Problem statement →
Beneath this instruction is a listing; print exactly the lines in it starting at the line that contains "A young woman" and going through the line that contains "The Arnie Reversible".

Data for processing →
....

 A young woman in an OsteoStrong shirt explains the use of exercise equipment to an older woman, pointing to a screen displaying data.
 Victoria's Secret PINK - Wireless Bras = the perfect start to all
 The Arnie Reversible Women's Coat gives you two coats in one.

....

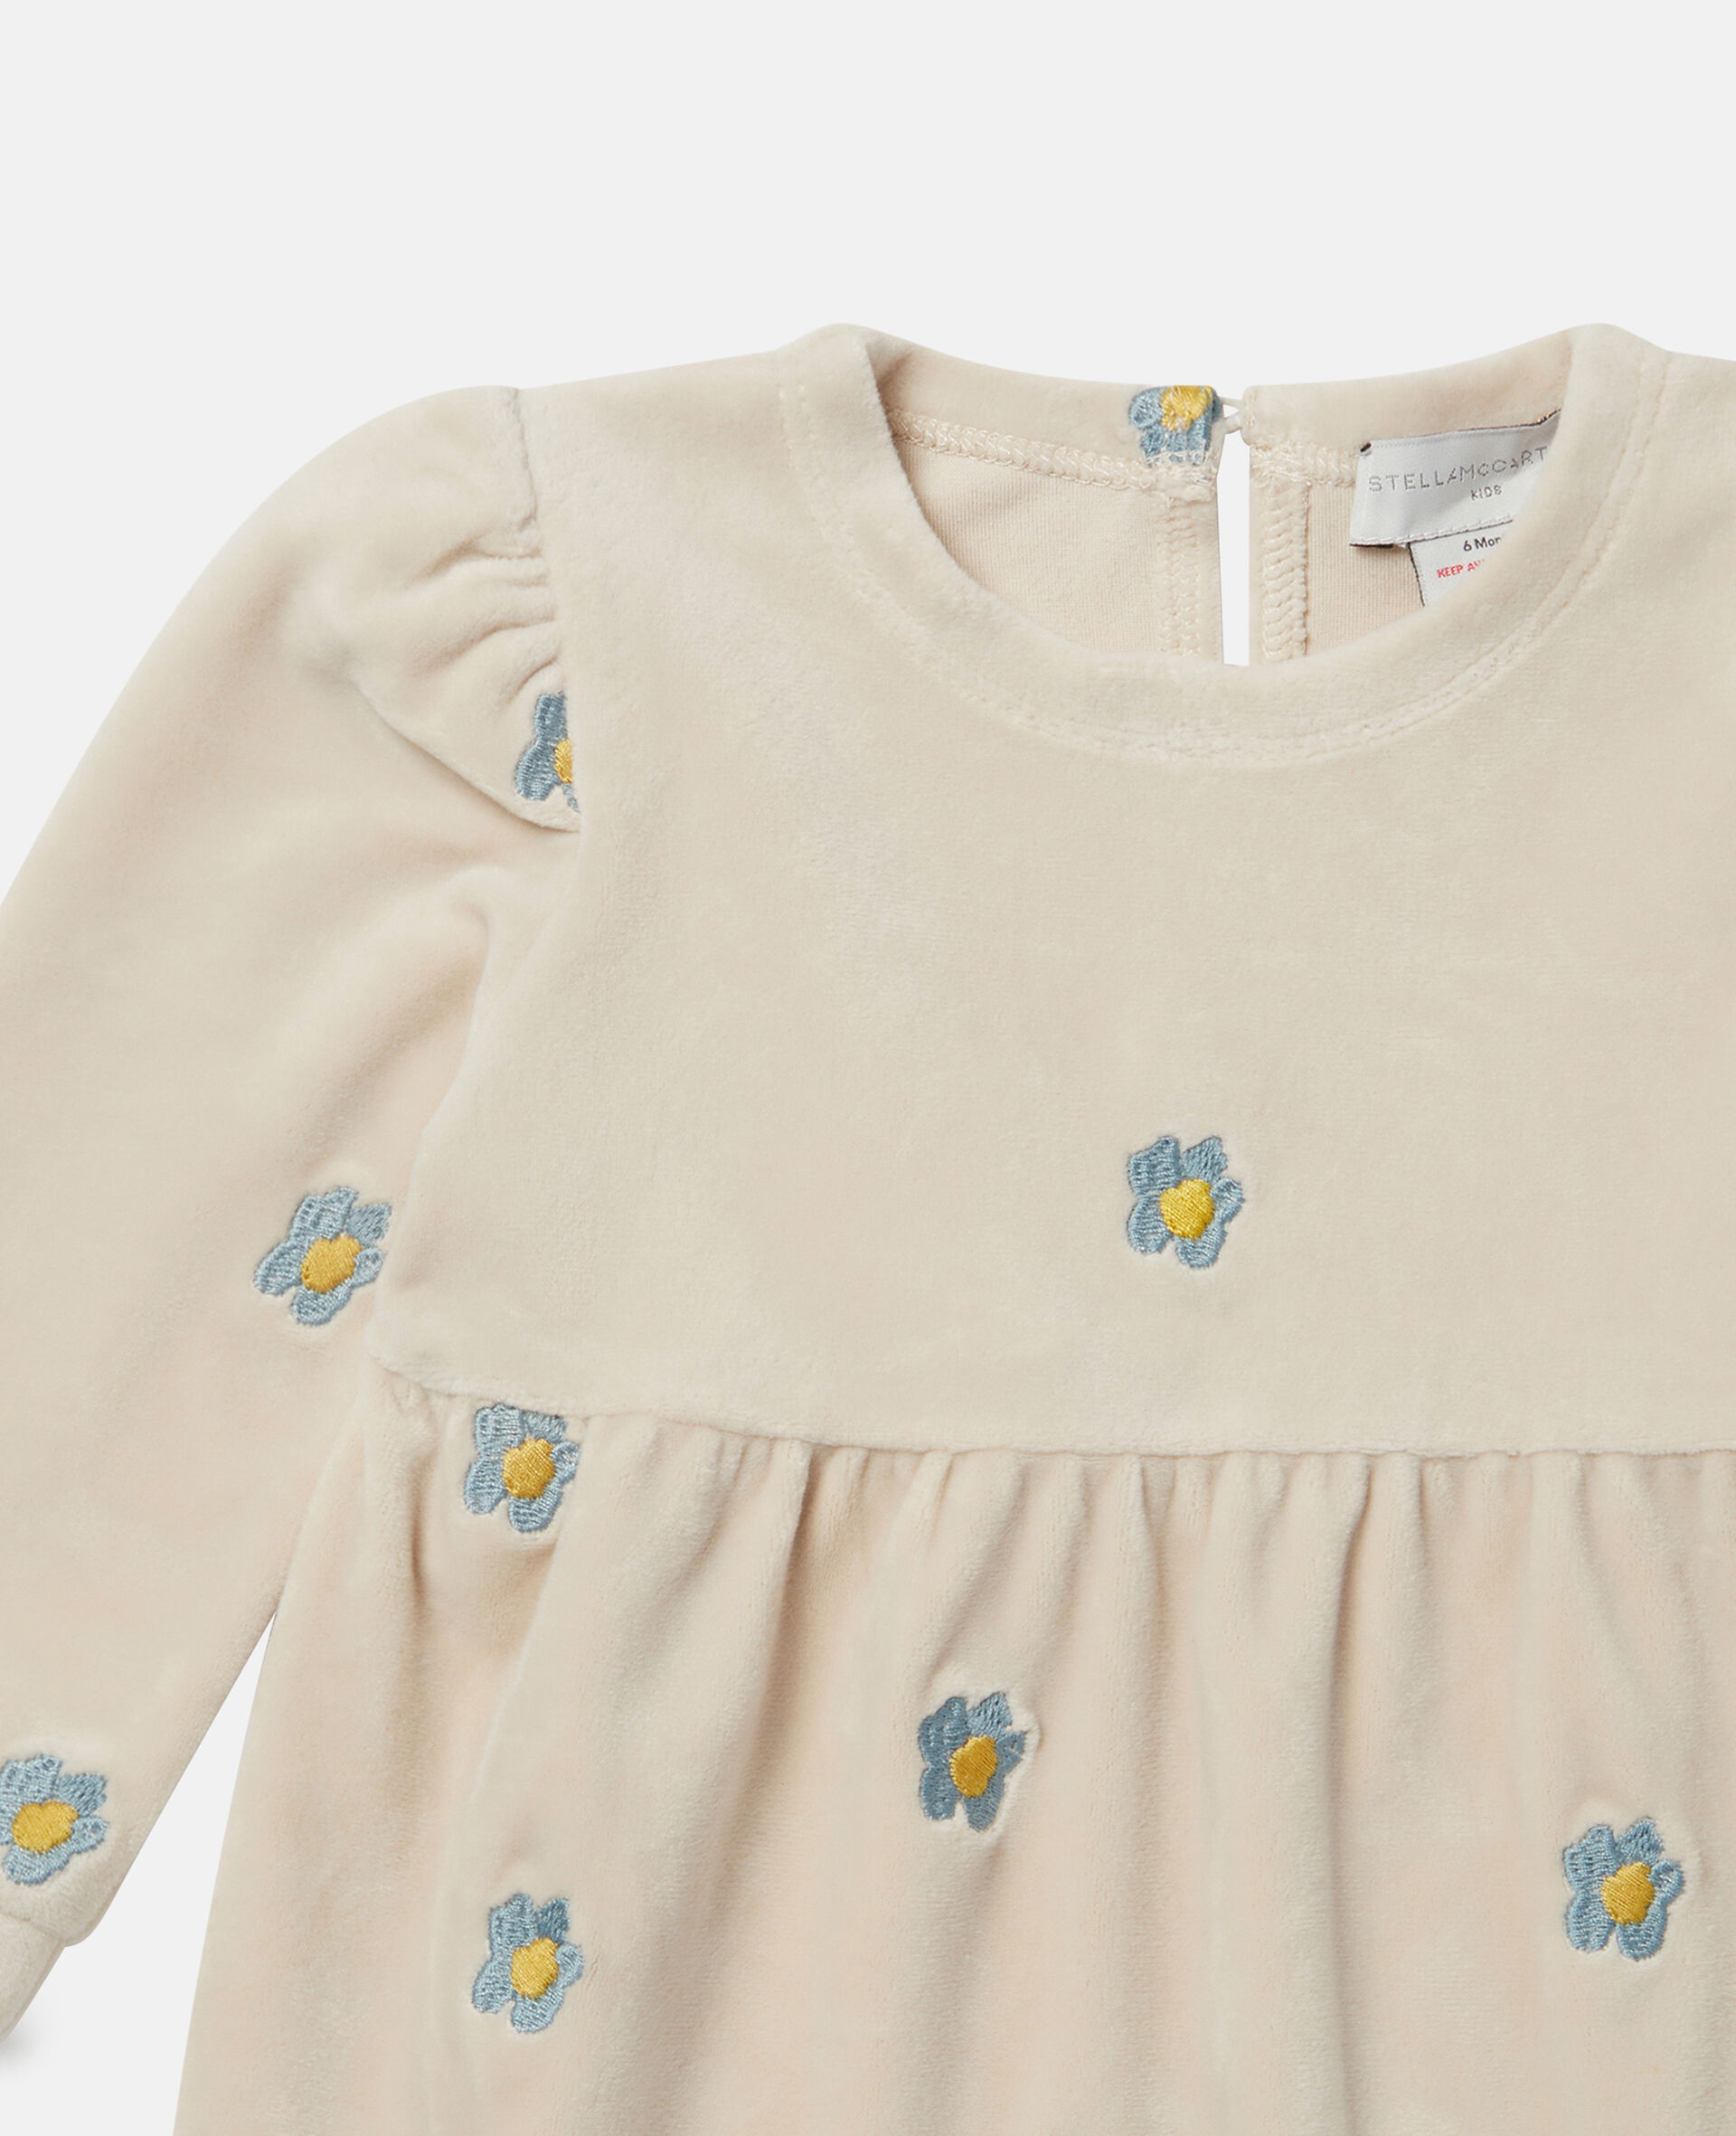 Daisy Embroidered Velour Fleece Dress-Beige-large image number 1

....

Final answer →
 A young woman in an OsteoStrong shirt explains the use of exercise equipment to an older woman, pointing to a screen displaying data.
 Victoria's Secret PINK - Wireless Bras = the perfect start to all
 The Arnie Reversible Women's Coat gives you two coats in one.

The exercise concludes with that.